**EXERCISE BRIEF:**
Set down the data below word for word, and leave the images aside.

**DATA SEGMENT:**
-----
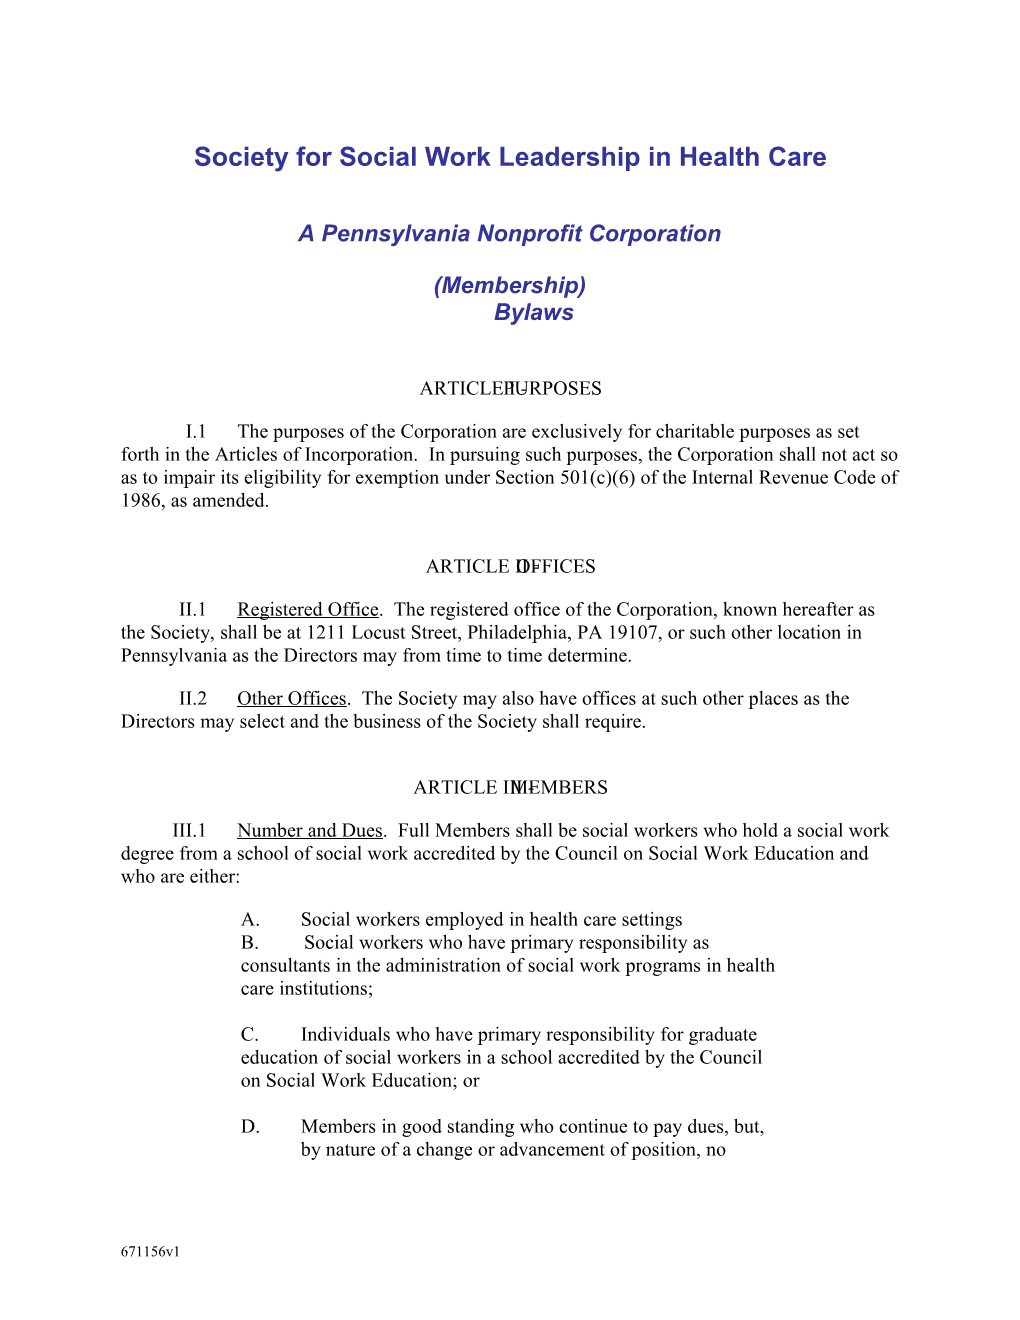 Society for Social Work Leadership in Health Care
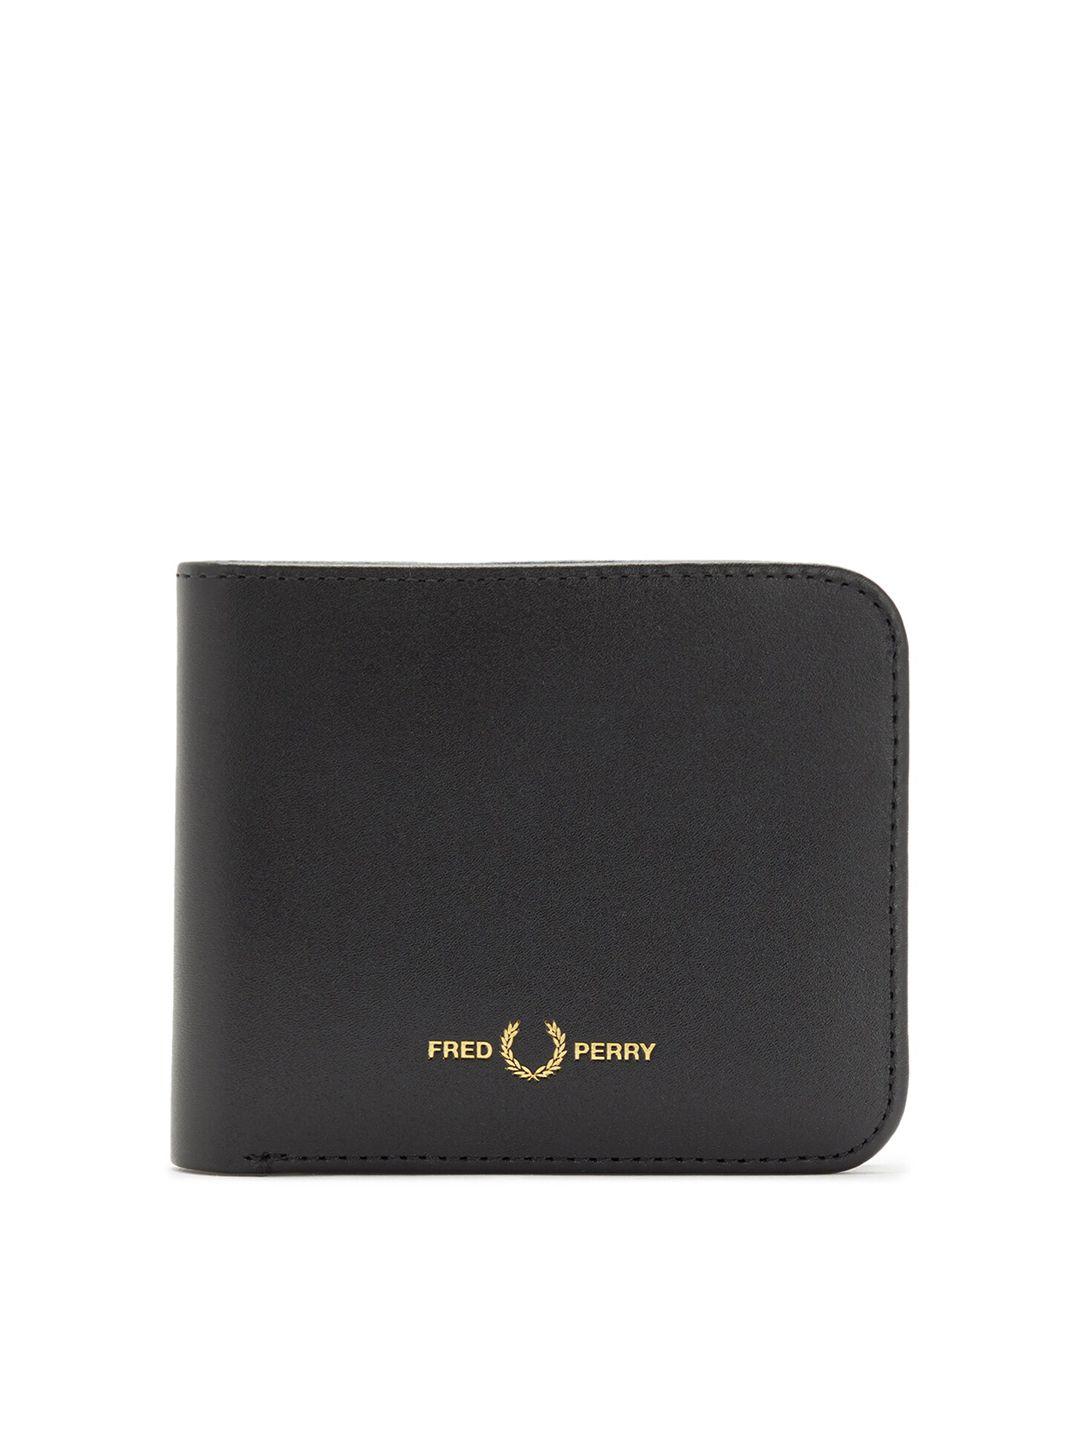 fred perry leather two fold wallet
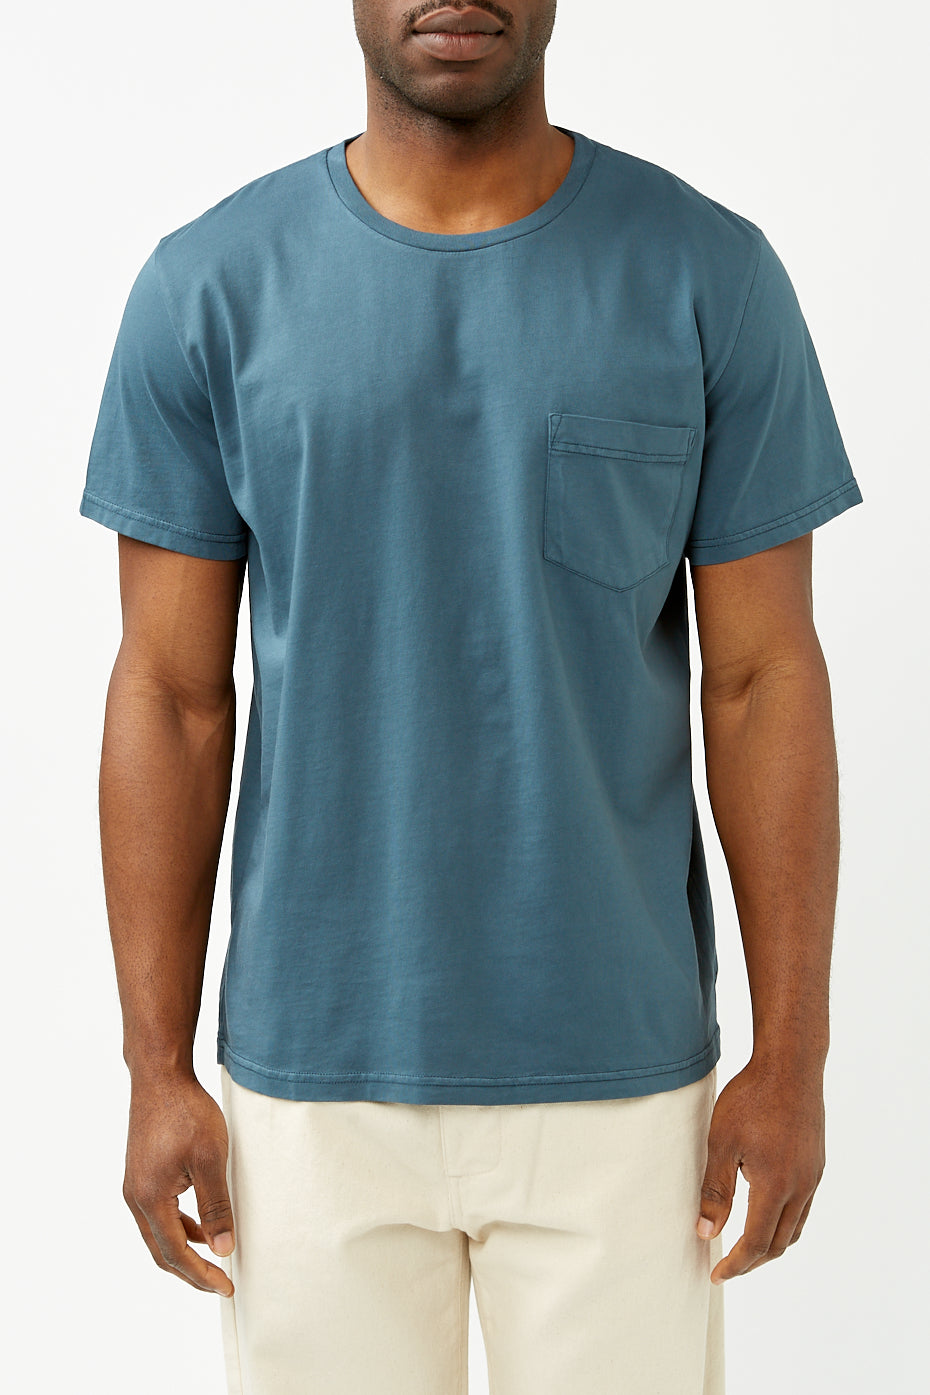 Outland Blue Welcome T-shirt
-----
**SOLUTION TO THIS EXERCISE:**
 Society for Social Work Leadership in Health Care
 fred perry leather two fold wallet
 Outland Blue Welcome T-shirt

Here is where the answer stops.